Texas Central sees the line as a mammoth example of a private entity addressing an infrastructure demand that government agencies are increasingly unable to tackle — and a chance to hook Americans on an alternative to highways that’s long connected major cities in Asia and Europe.
“There’s no doubt once people ride this train, they will want trains like this to go other places,” Reed adds.
The company’s ambitious vision has arrived just as American cities are starting to grasp the detrimental side effects and financial unsustainability of car-centric infrastructure that’s dominated urban planning since the end of World War II.
Texas Central officials say they have raised and spent at least $125 million, of which at least $75 million has come from Texas investors and individuals. In September, the company announced that it secured an additional $300 million in loans from two Japanese entities. But before Texas Central can create an interstate high-speed network in the United States, it’s got to prove high-speed rail is viable in Texas. Even as the company pushes forward with development — and brings on construction and operations partners — it faces daunting hurdles.

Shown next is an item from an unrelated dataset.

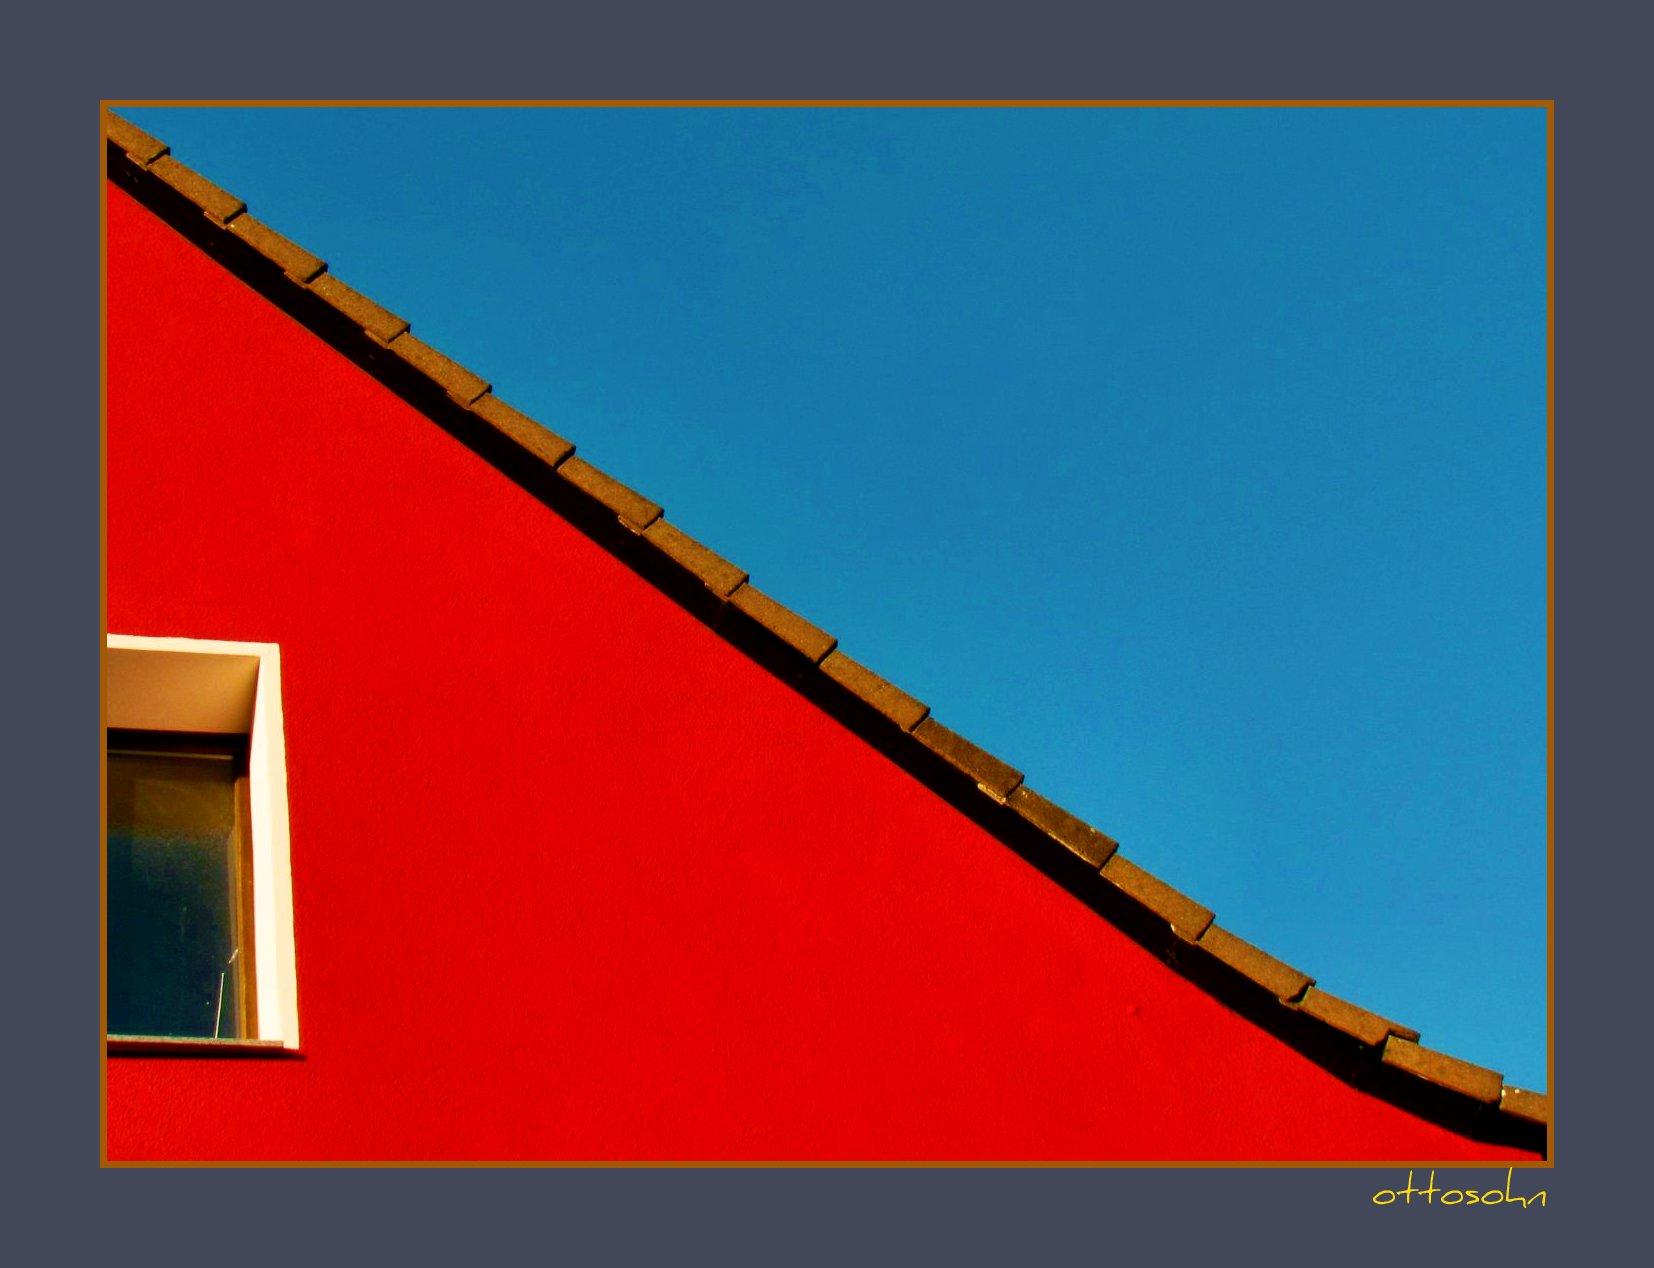 Hintergrundbilder : Blau, Dach, Himmel, Haus, Farbe, Verrotten, Fenster,  Mauer, Deutschland, Formen, Rot Und Blau, Oberflächen, Renovierung,  Fassade, ...
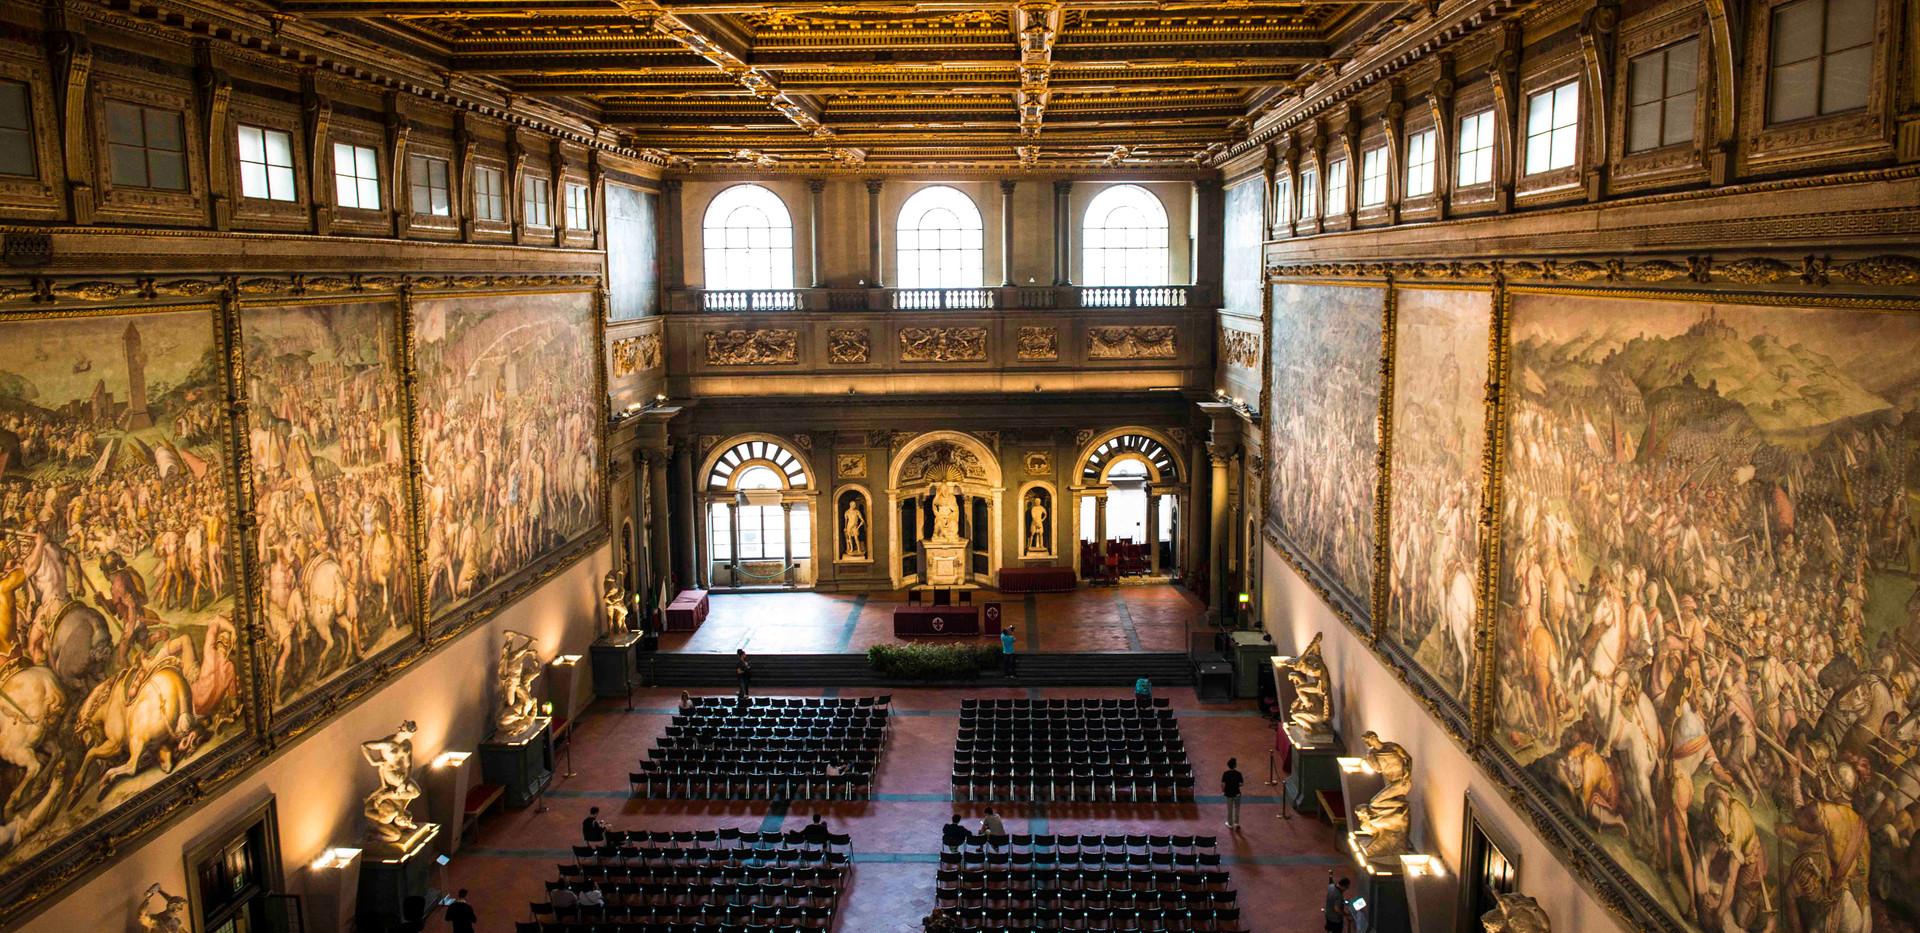 Vecchio Palazzo interior

The company is embroiled in legal and bureaucratic debates about whether a private company can use eminent domain, a process that allows entities to condemn land it needs for a project and forcibly buy it from owners who aren’t willing to sell.
At the state Capitol, the bullet train represents the collision of two things that Republicans — who control Texas government — hold dear: private property rights and an unrestrained free market. And for two legislative sessions in a row, the free market has largely come out on top. The project has emerged relatively unscathed after bills aimed at hamstringing or killing it failed to get much traction.
“Big business is a big deal in the state of Texas,” says Kyle Workman, who heads the grassroots opposition group Texans Against High-Speed Rail, an organization that has galvanized rural Texans to lobby local and state leaders to stop the project. Workman says they’ll keep trying when lawmakers reconvene in January.
The political debate is an outgrowth of a larger question confronting a state where most people now live in urban areas: How much should rural residents have to sacrifice to solve problems born in the cities they intentionally avoided or outright fled?